A quarter century after wildfire ravaged the windward side of Catalina Island, a small team of Catalina Island Conservancy botanists ventured by boat to Goat Harbor to assess the vegetation. Their survey revealed not only widespread non-native grasses and invasive plants, but the surprising discovery of a rare, protected plant that was previously unaccounted for in this part of the Island.
“We chartered a local fishing boat, the ‘Mojo,’ and got dropped off on a remote part of the Island with no road access,” said Native Plants Manager Kevin Alison, recounting the epic excursion that began at Cabrillo Beach. “We rowed ashore in shark infested waters – there were leopard sharks everywhere – to monitor the plants for four days.”
Camping in a remote site, Alison and his team of five researchers spent their days tracking plant growth with the point-line-intercept method. It’s the same approach that was used the last time this landscape was surveyed in 1999 and involves establishing points, known as transects, along a 100-foot line between two poles. Everything touching the pole is identified, measured and recorded. This method prevents bias by the researcher.
“It’s a very standardized method of understanding plant coverage and biodiversity within a given space so that you can then make inferences at larger scale,” Alison explained, noting that the work includes snapping photos of the same area for visual comparison. “You’re literally time traveling and seeing the vegetation over a quarter century.”
One of their observations was that a majority of the transects show a dominance of non-native annual grasses. Shrubs with higher deer-resistant traits such as bitterness and sticky resin – like Southern monkey flower (Diplacus puniceus), prickly pear cactus (Opuntia littoralis), lemonade berry (Rhus integrifolia) and laurel sumac (Malosma laurina) – persisted and proliferated. They also noted that the laurel sumac, which burned in the 1999 fire, has successfully recovered and expanded across the landscape.

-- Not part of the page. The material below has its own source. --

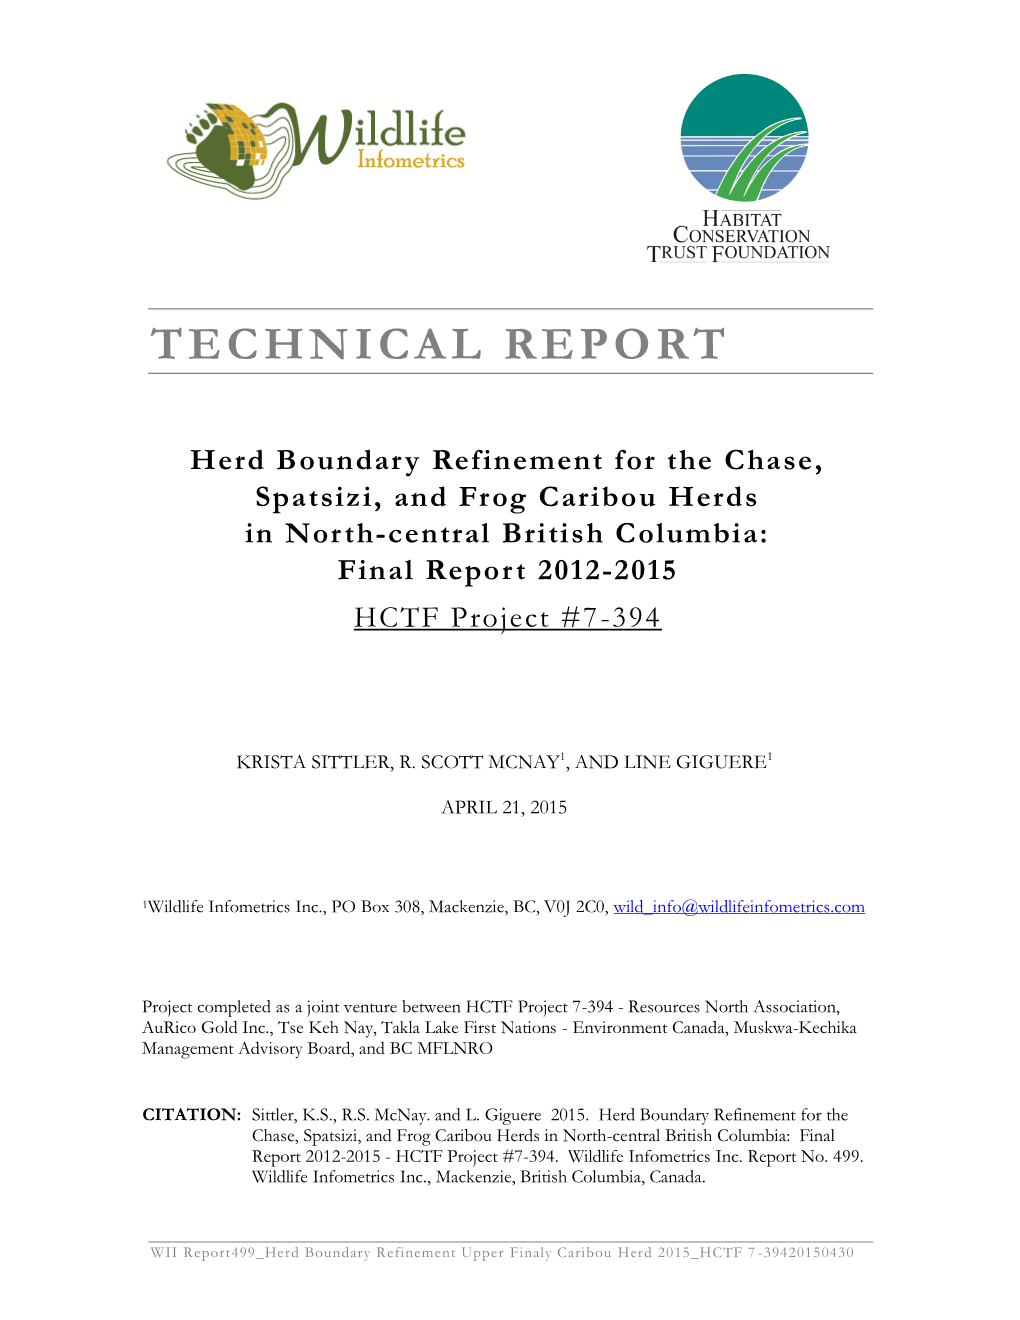 Final Report 2012-2015 HCTF Project #7-394

Alison and his team also discovered a growth of Southern honeysuckle (Lonicera subspicata var. subspicata), a rare plant with a protected designation in California. It’s rare both on the mainland and the Channel Islands. Prior to this recording, only two other populations had been confirmed across the islands: one on White’s Landing on Catalina Island and another on Santa Cruz Island.

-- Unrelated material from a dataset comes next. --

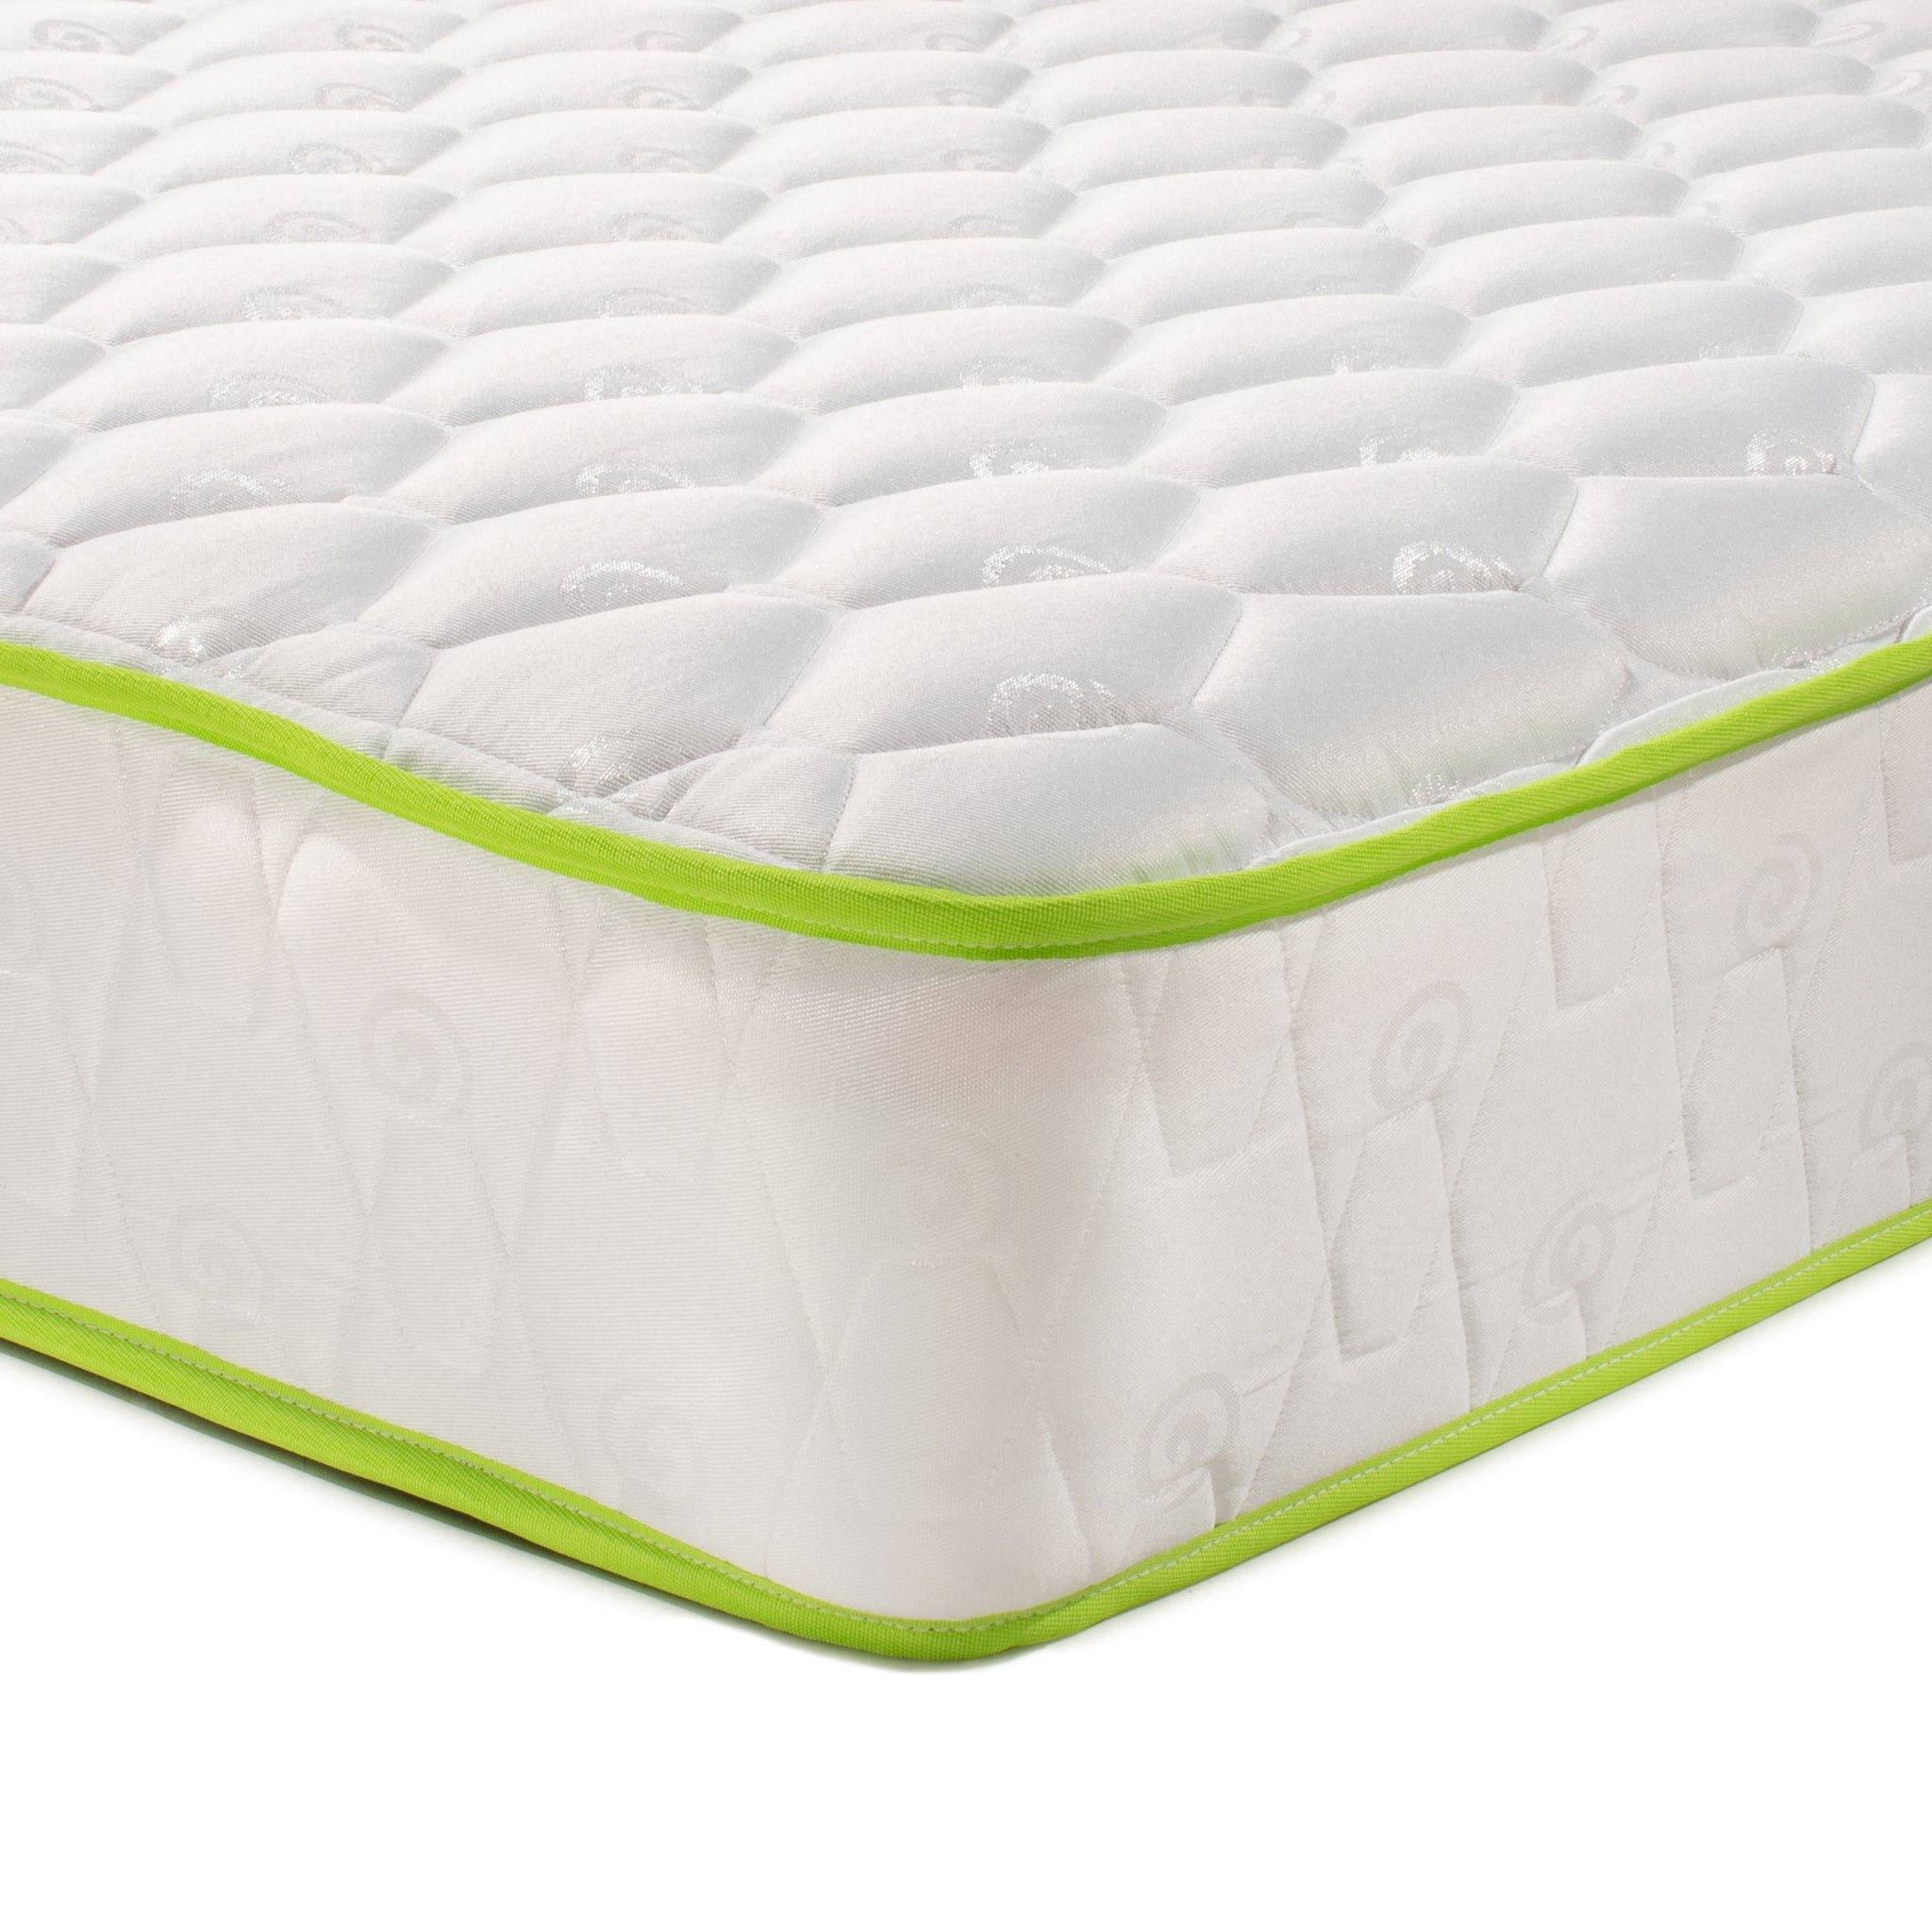 Back Rest Queen Size Innerspring Mattress - Australian Made - 3 Year Warranty - Free Delivery - Melbourne Mattress Factory

“When we went to Cabrillo, we found it right there on the beach,” said Alison. “That helps us understand the ecology of it – it must need the beach environment. When things make it to islands, they radiate and can become a whole new species. So, this finding warrants us talking with other scientists and geneticists to see if it could be a Catalina Island endemic variation.”
This survey also marked the first time the Catalina figwort (Scrophularia villosa), a Southern Channel Island endemic plant, has been discovered in the Cabrillo Harbor watershed. It is rare, also holding a protected species designation. However, Alison explained that finding the young and exposed figwort under the dripline of the cherry tree makes browsing by deer a concern.
Nearly every island cherry tree showed signs of heavy browsing pressure with a clear line of foraging where vegetation was within reach of deer. The removal of vegetation drastically exposed a deep, open understory, which provides habitat for shadier non-native annual grasses like ripgut brome (Bromus diandrus) and large patches of stinging nettle (Urtica dioica).
The crew removed all non-native invasive sea rocket (Cakile maritima) and wild radish (Raphanus sativus) from Cabrillo Beach, intercepting the plants before they were in complete flower and capable of producing viable seed. Fortunately, no flax-leaf broom (Genista linifolia) or French broom (Genista monspessulana) were found in the surveyed portions of Cabrillo Harbor Watershed, thought a sizable amount of fennel (Foeniculum vulgare) was observed along the beach and coastal bluff areas.
This plant survey was one of five of 30 completed this year, with 60 transects over the last two years to include the identification and recording of 15-18,000 plants.
“It’s a lot of work. It’s not easy hiking all over the Island and accessing remote areas,” shared Alison. “But we now have an intimate understanding of what the vegetation on the Island is and has been and could be.”